**** Data segment

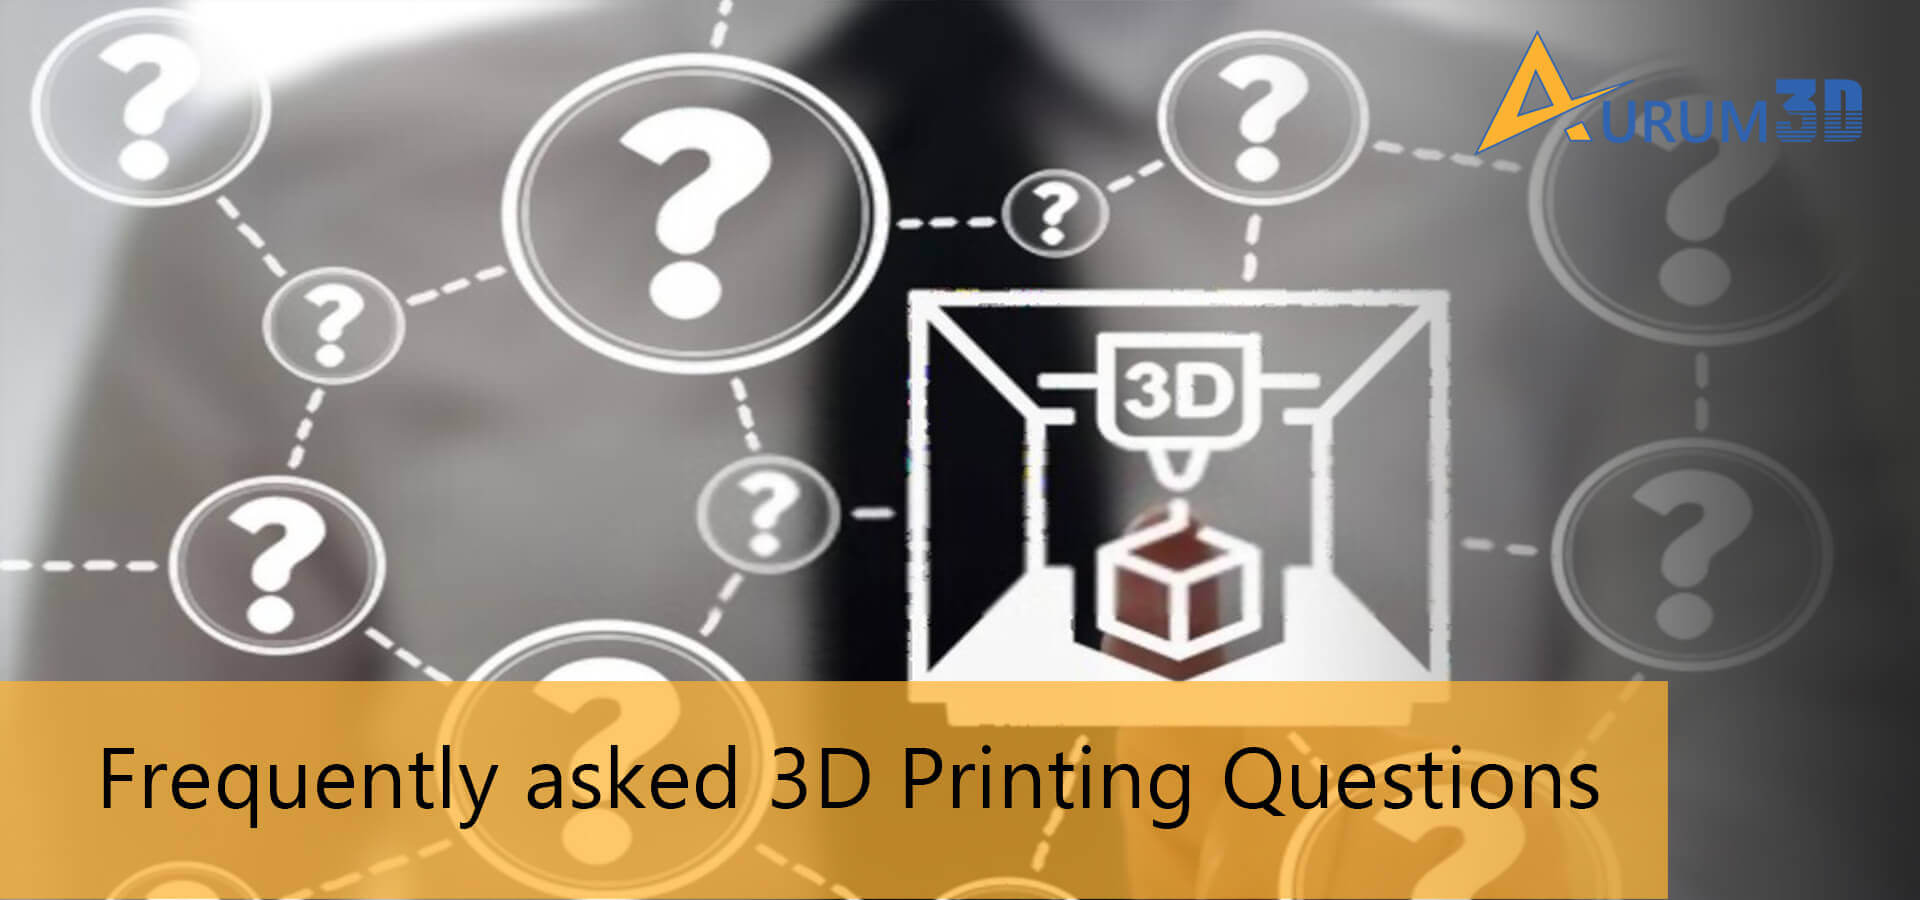 Frequently asked 3D Printing Questions
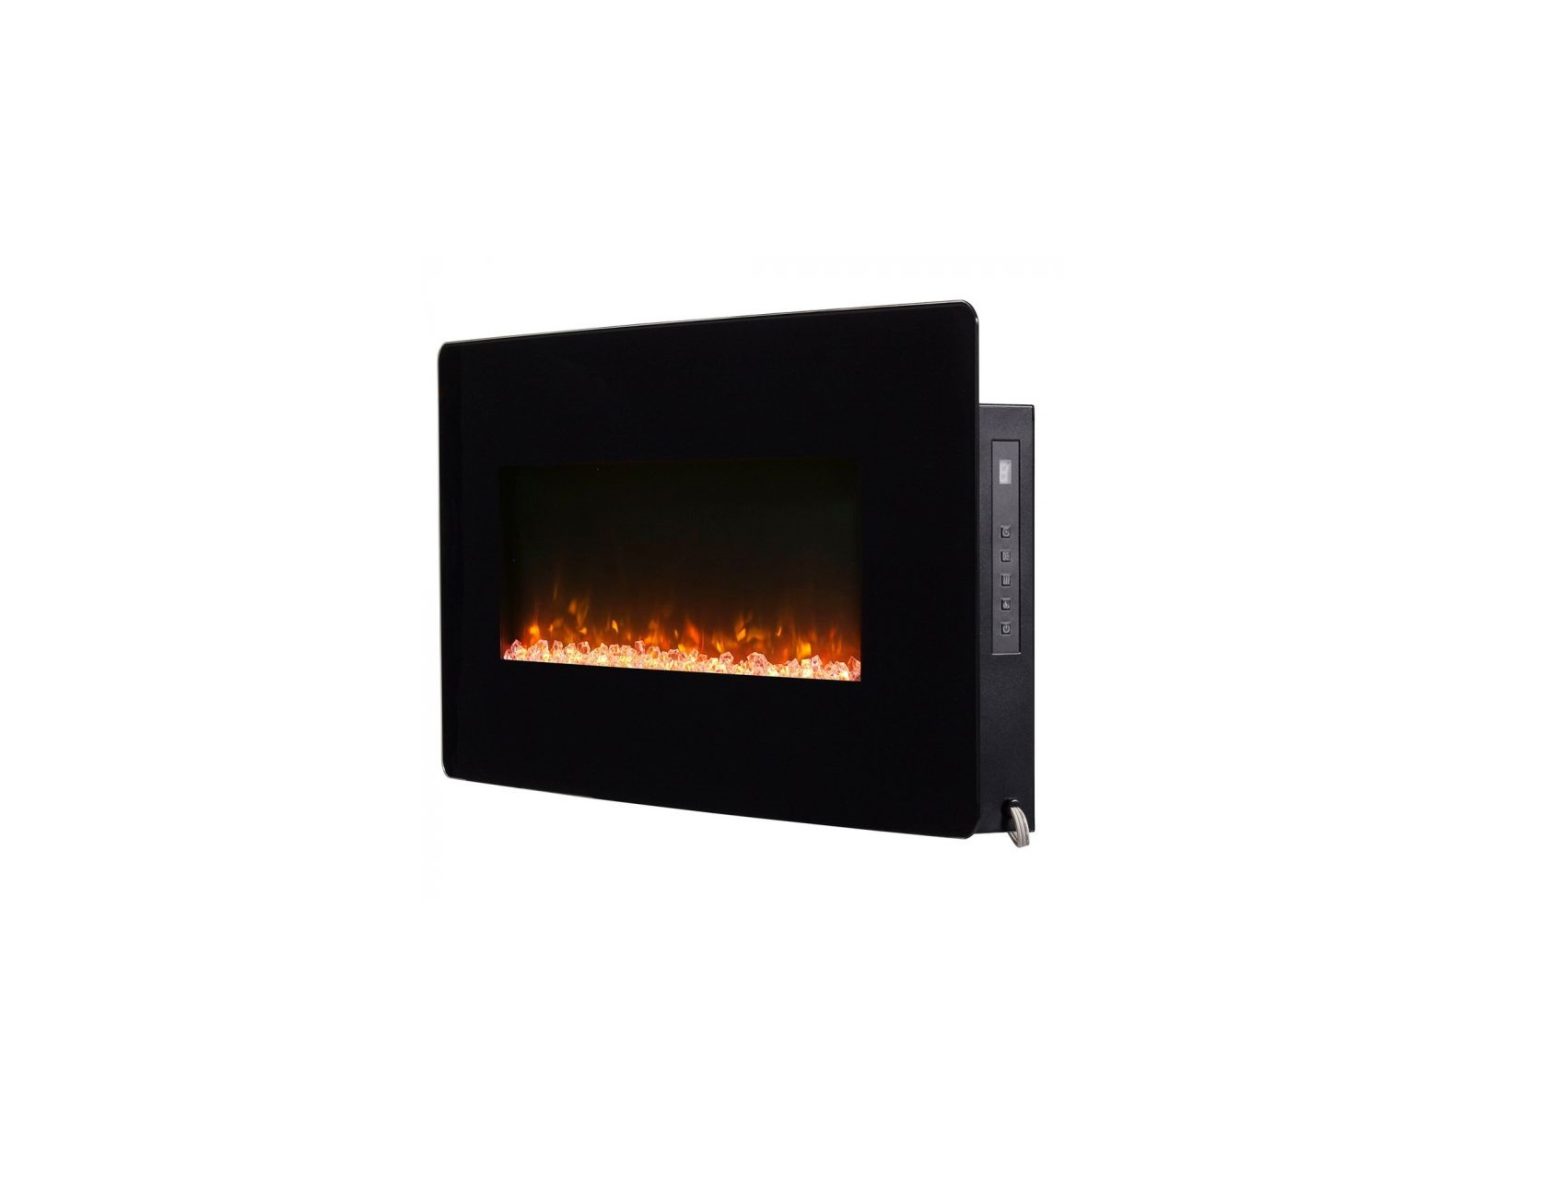 Dimplex SWM3520-EU Winslow 35 Inch Wall Mounted Electric Fireplace Owner’s Manual
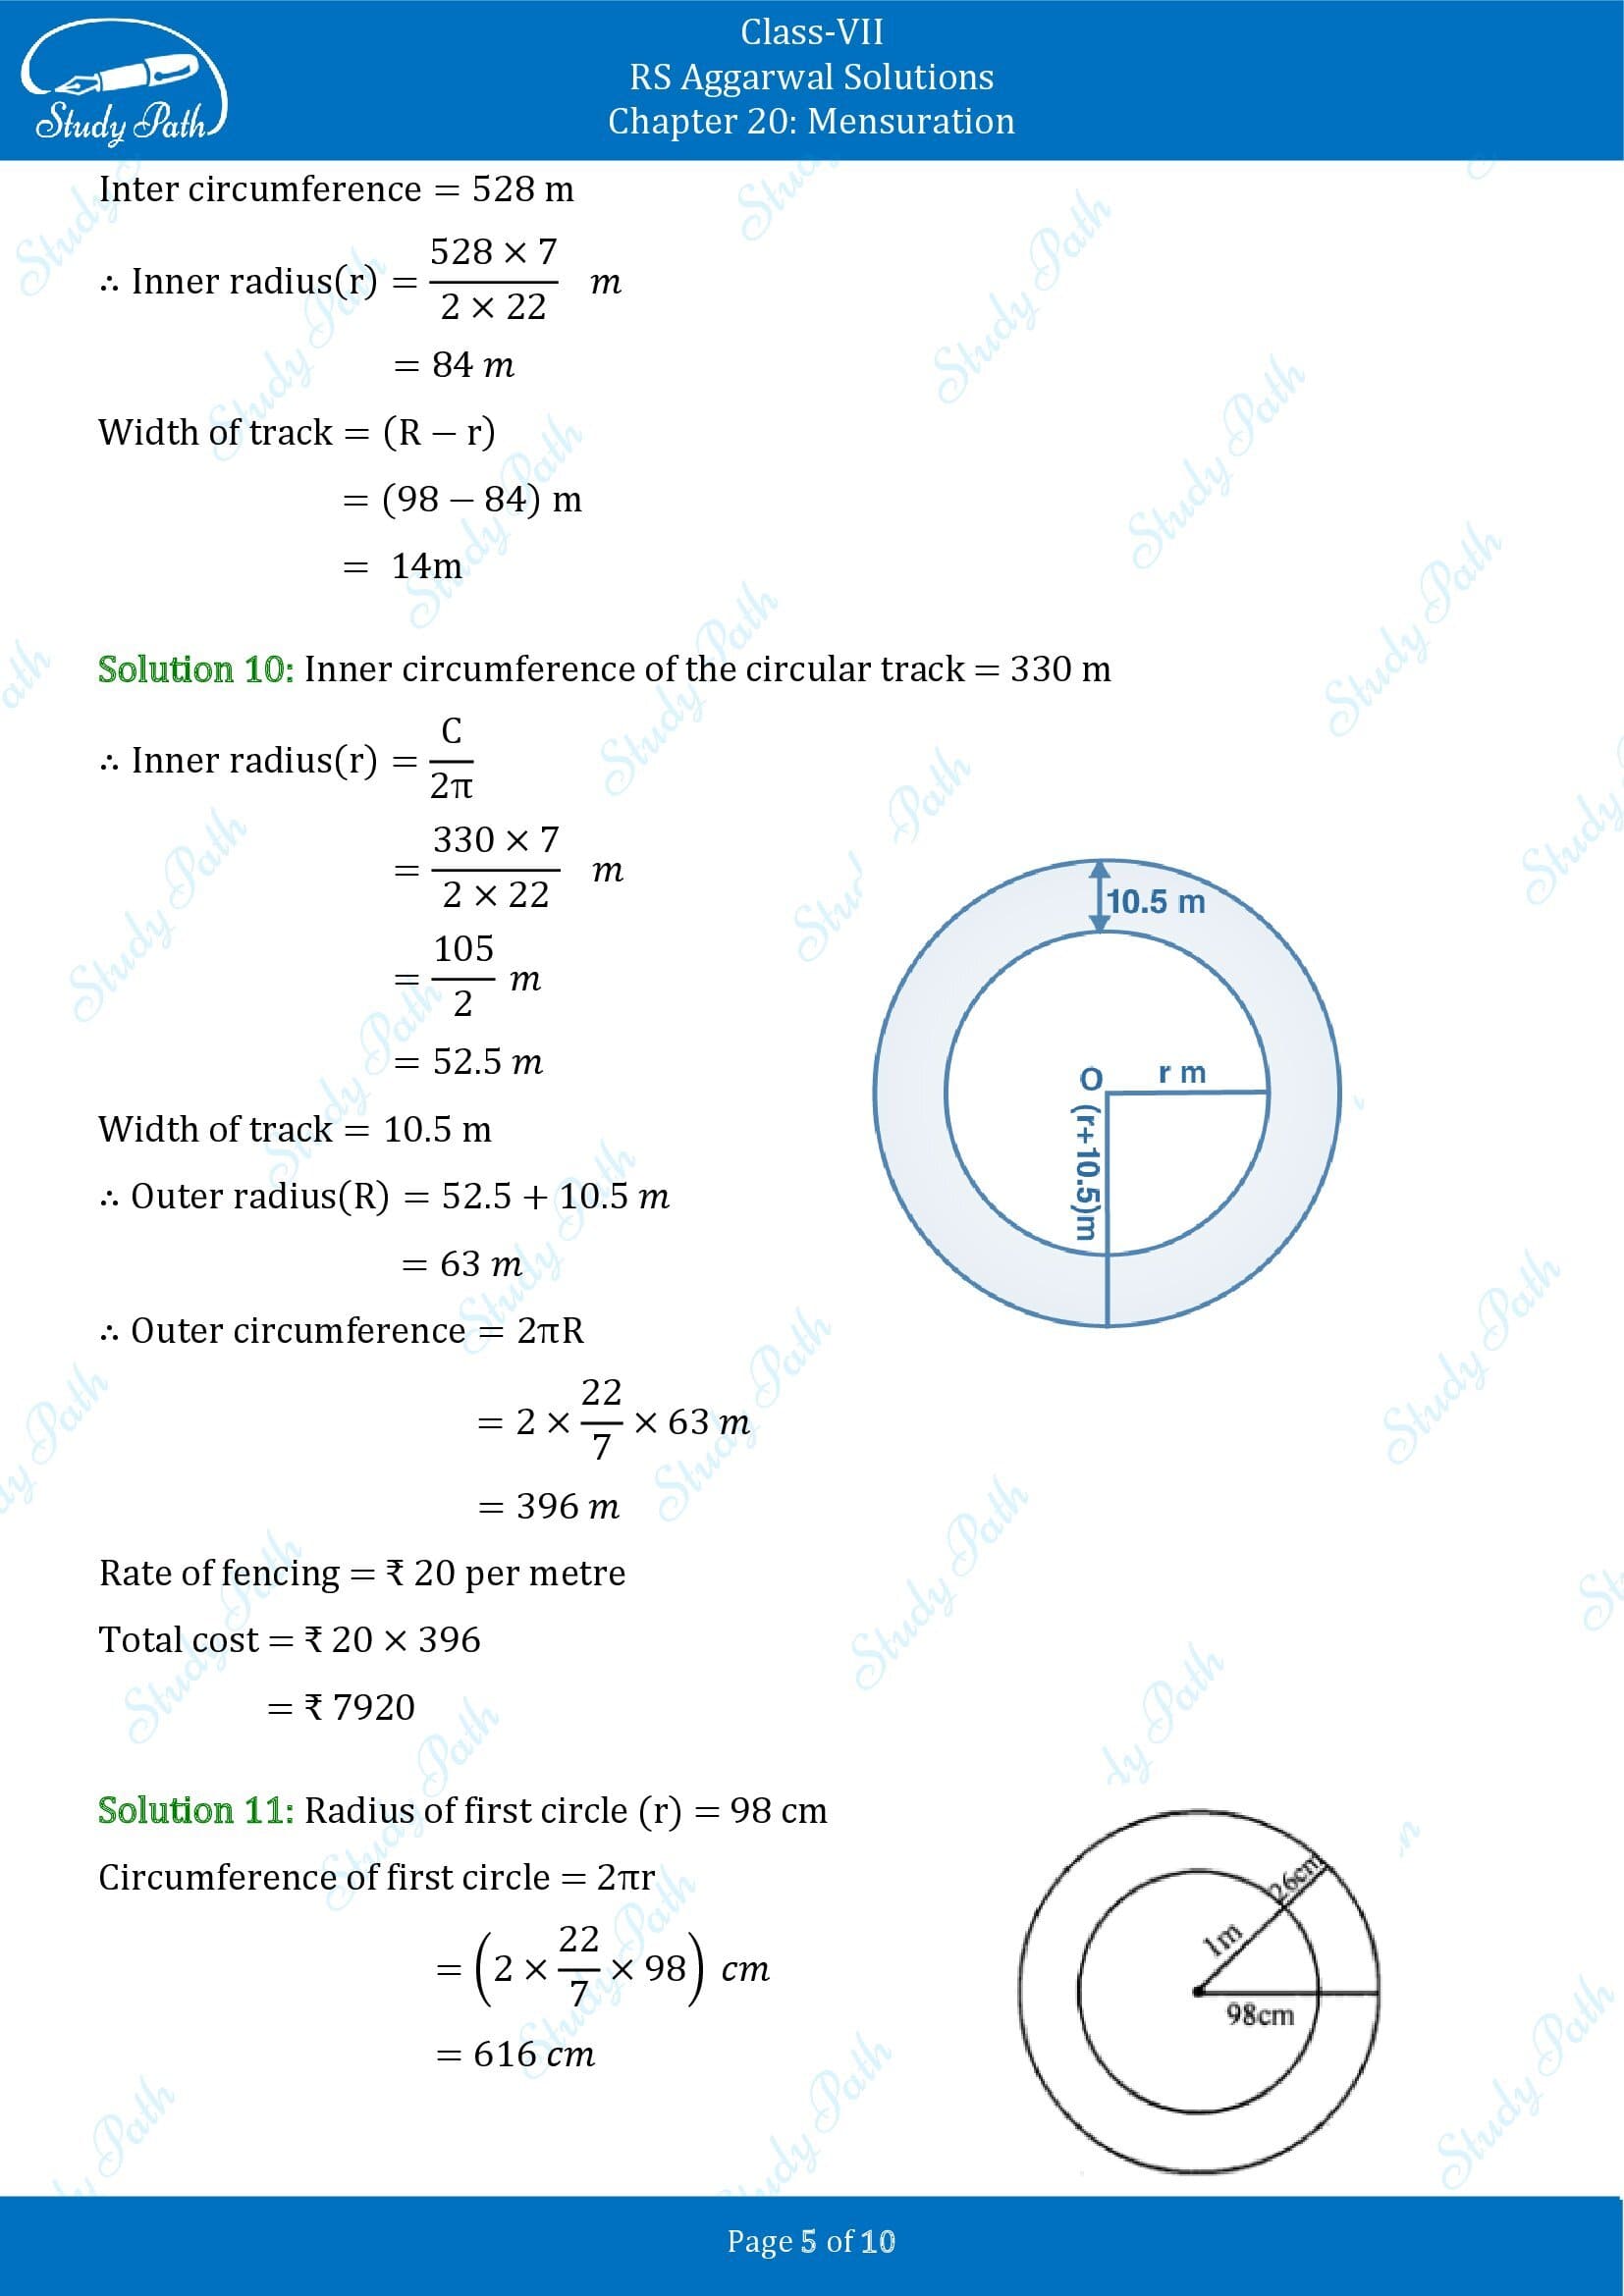 RS Aggarwal Solutions Class 7 Chapter 20 Mensuration Exercise 20E 00005

********

Quote everything in the listing above exactly; pictures are the only thing to omit.

 Frequently asked 3D Printing Questions
 Dimplex SWM3520-EU Winslow 35 Inch Wall Mounted Electric Fireplace Owner’s Manual
 RS Aggarwal Solutions Class 7 Chapter 20 Mensuration Exercise 20E 00005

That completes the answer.